All of the data must be output exactly, with every picture left out.

## DATA EXCERPT
────────
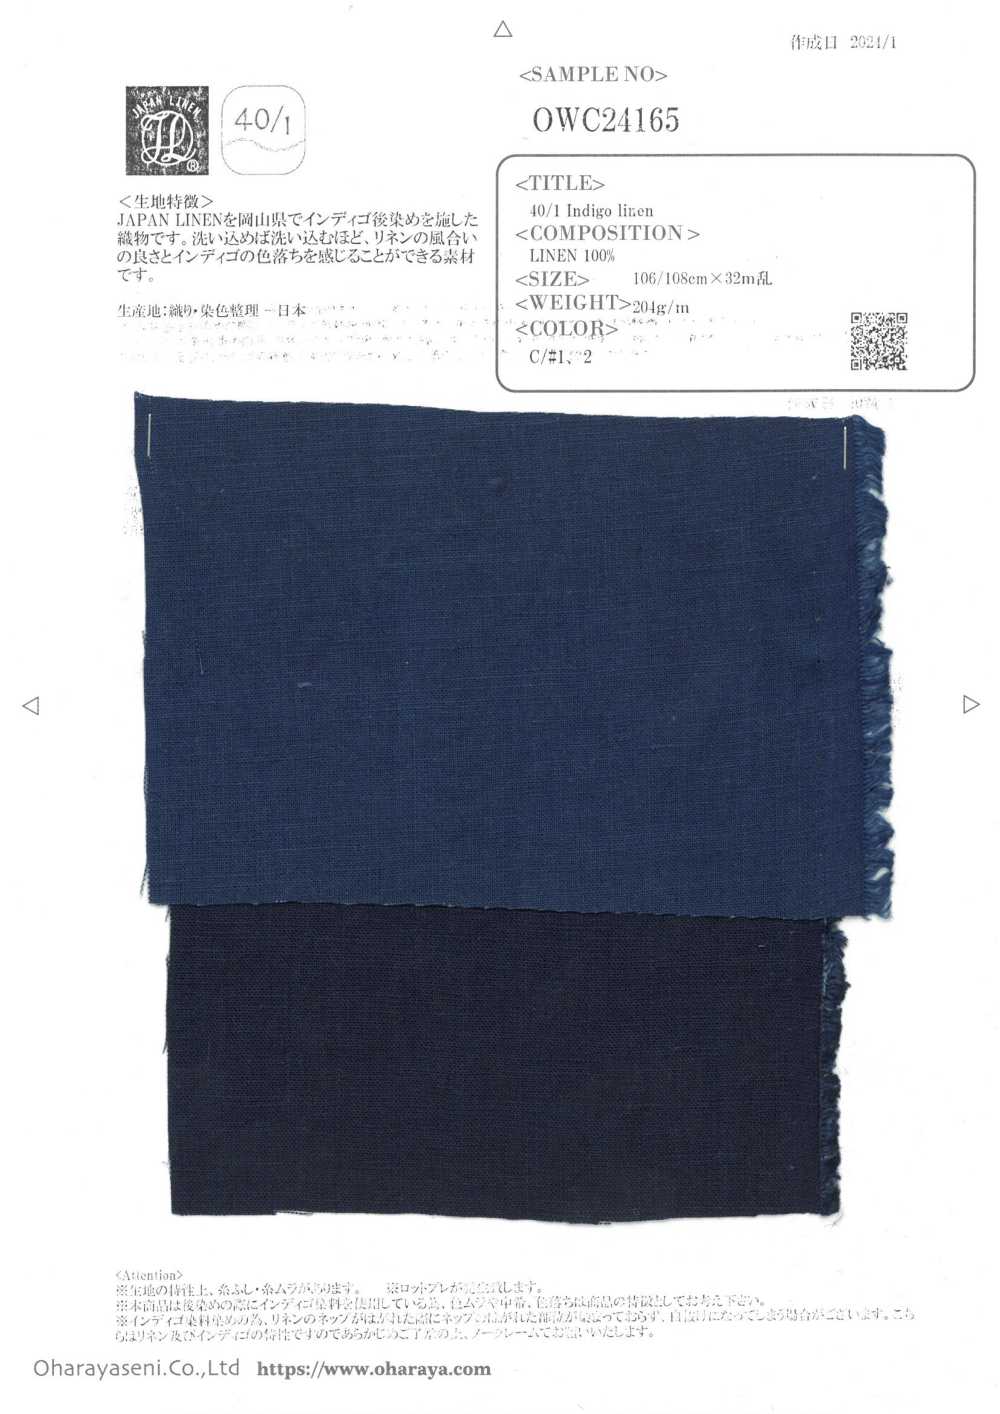 OWC24165 40/1 Indigo Leinen[Textilgewebe] Oharayaseni
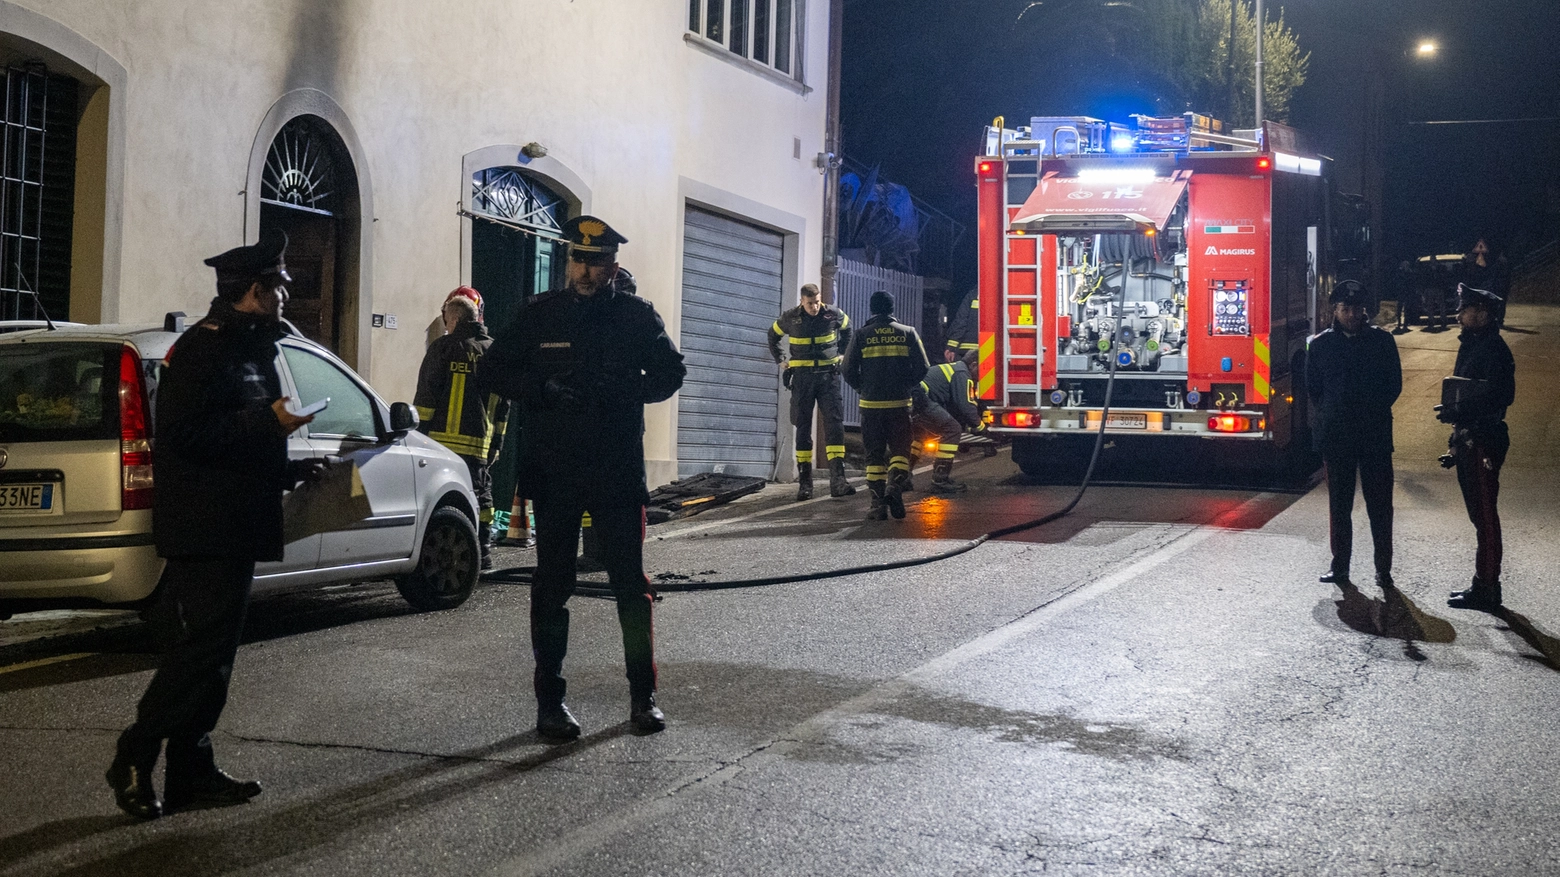 Carabinieri e vigili del fuoco intervenuti dopo l'incendio nell'edificio a Osteria Nuova (Foto Germogli)
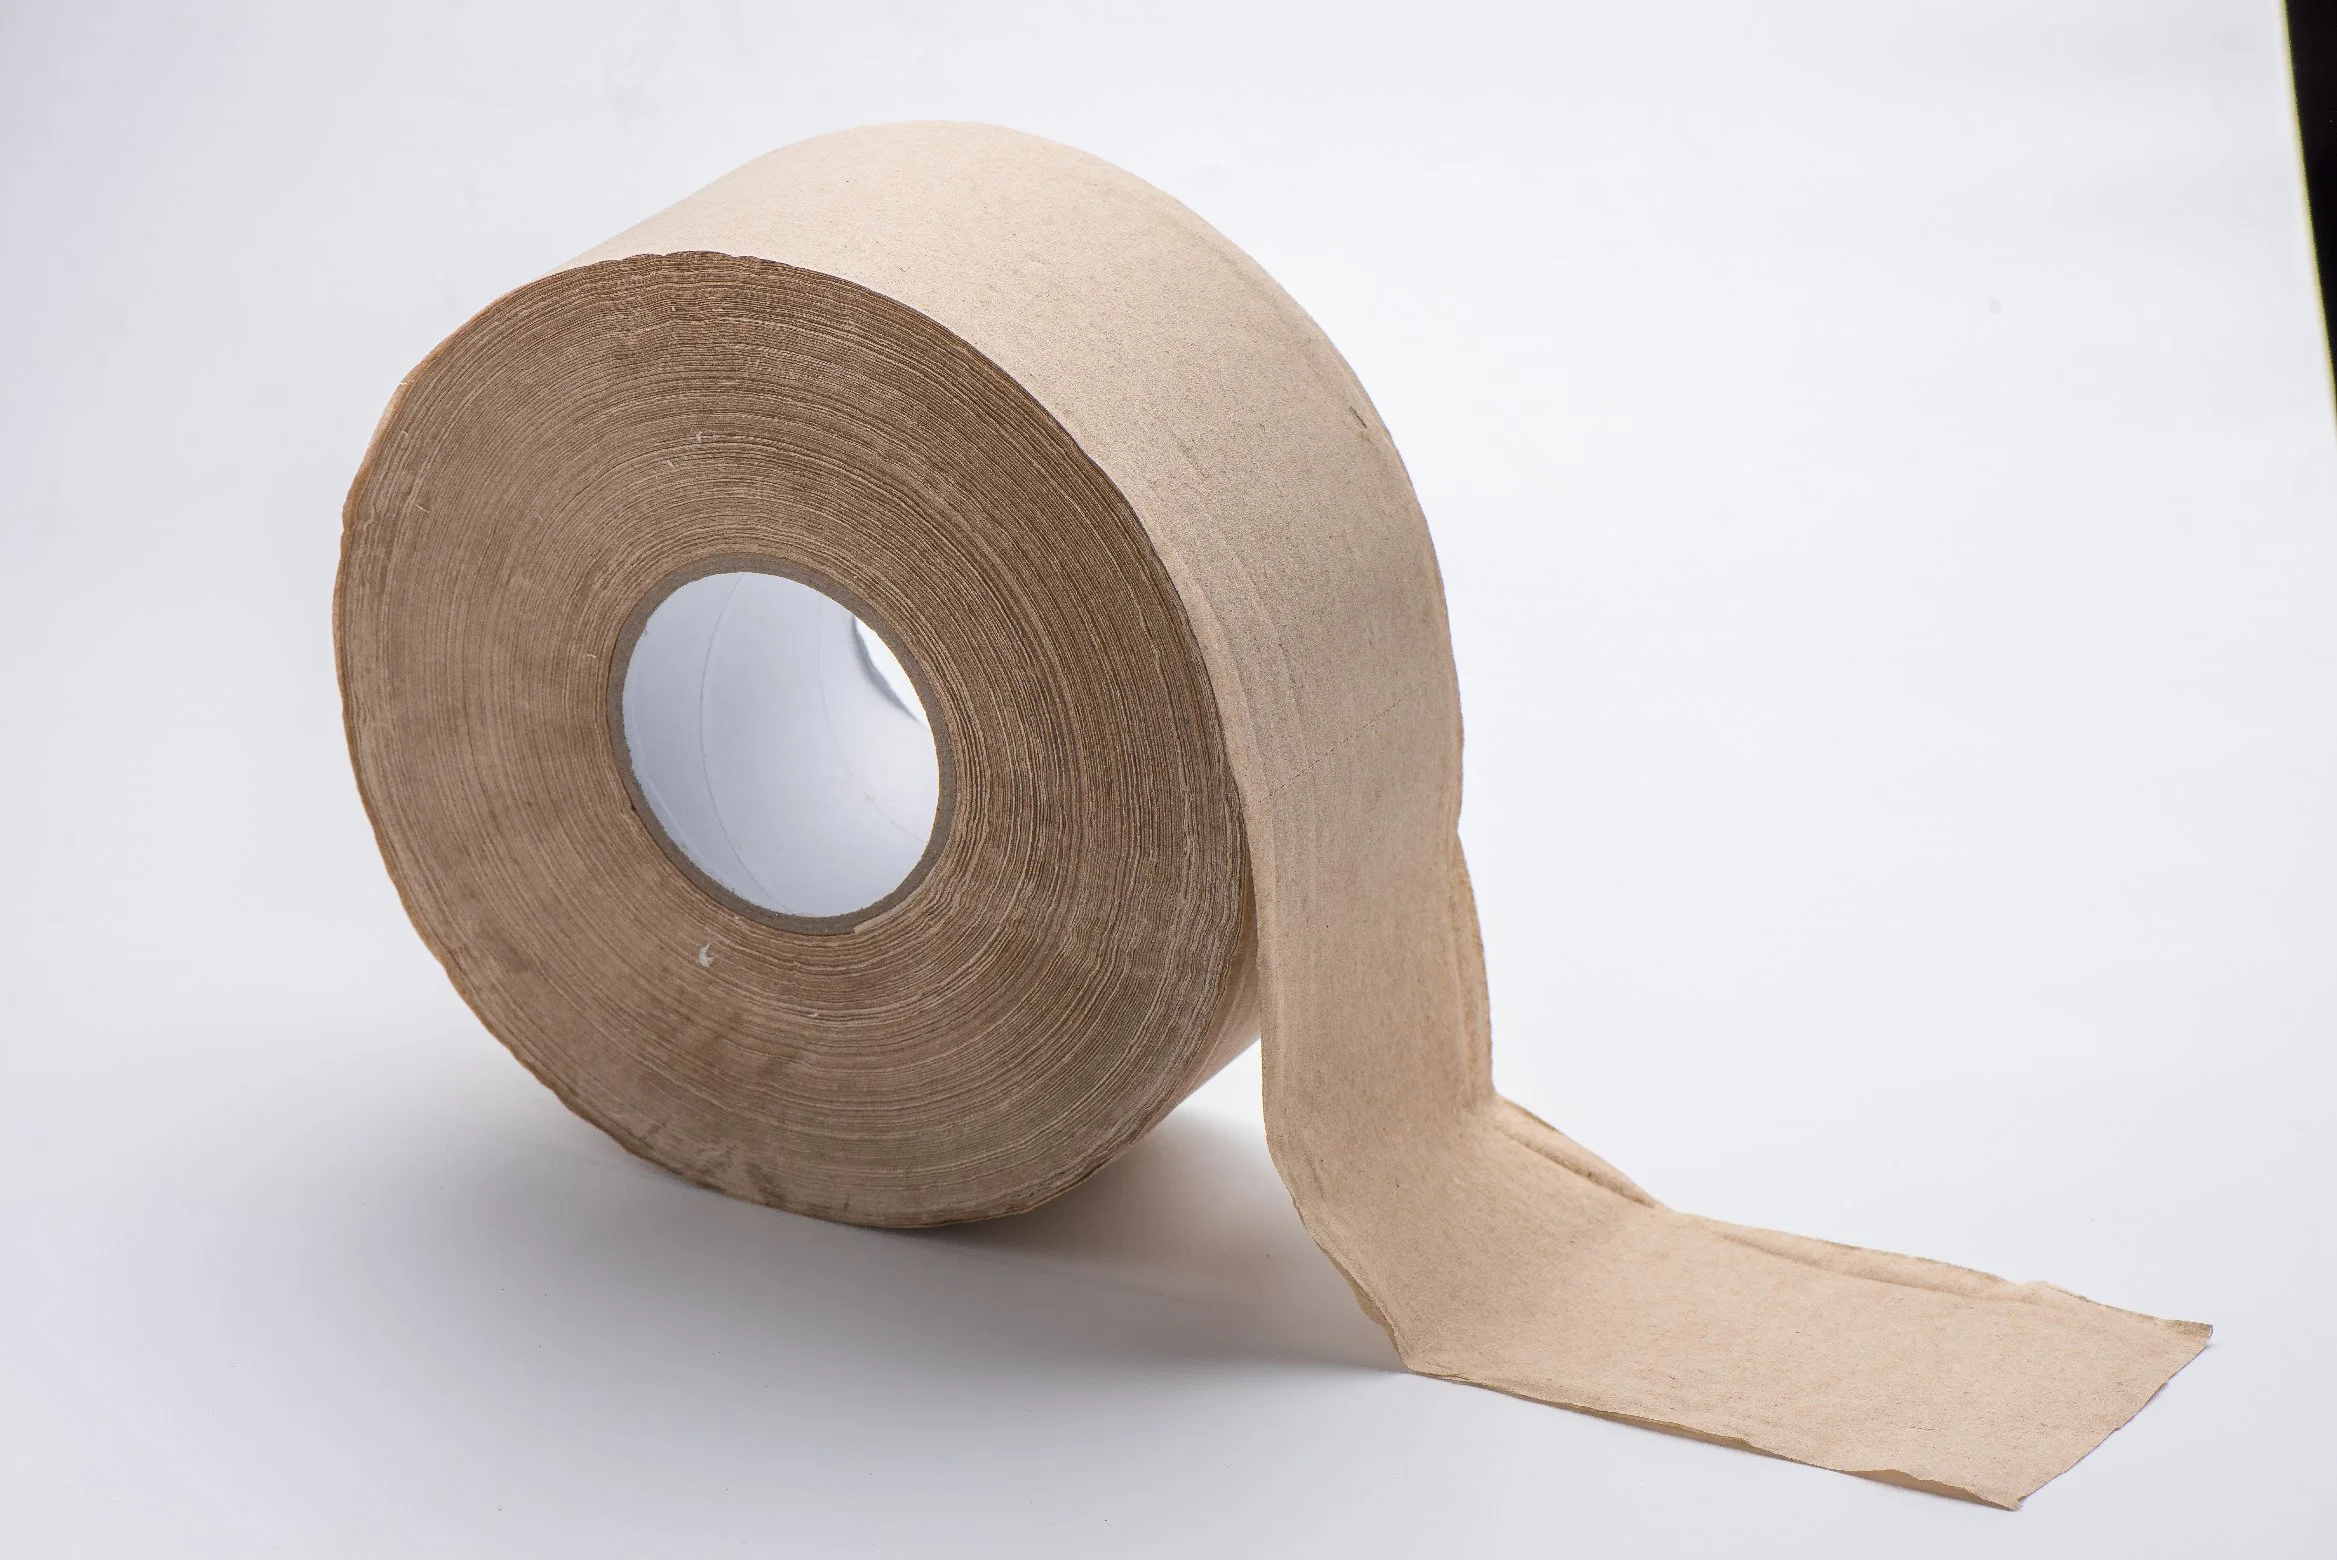 Jbr-001 Papel higiénico en rollo jumbo comercial de pulpa de madera virgen (12 rollos, 2 capas)
────────
## OUTPUT FOR THIS EXERCISE
 OWC24165 40/1 Indigo Leinen[Textilgewebe] Oharayaseni
 Carabinieri e vigili del fuoco intervenuti dopo l'incendio nell'edificio a Osteria Nuova (Foto Germogli)
 Jbr-001 Papel higiénico en rollo jumbo comercial de pulpa de madera virgen (12 rollos, 2 capas)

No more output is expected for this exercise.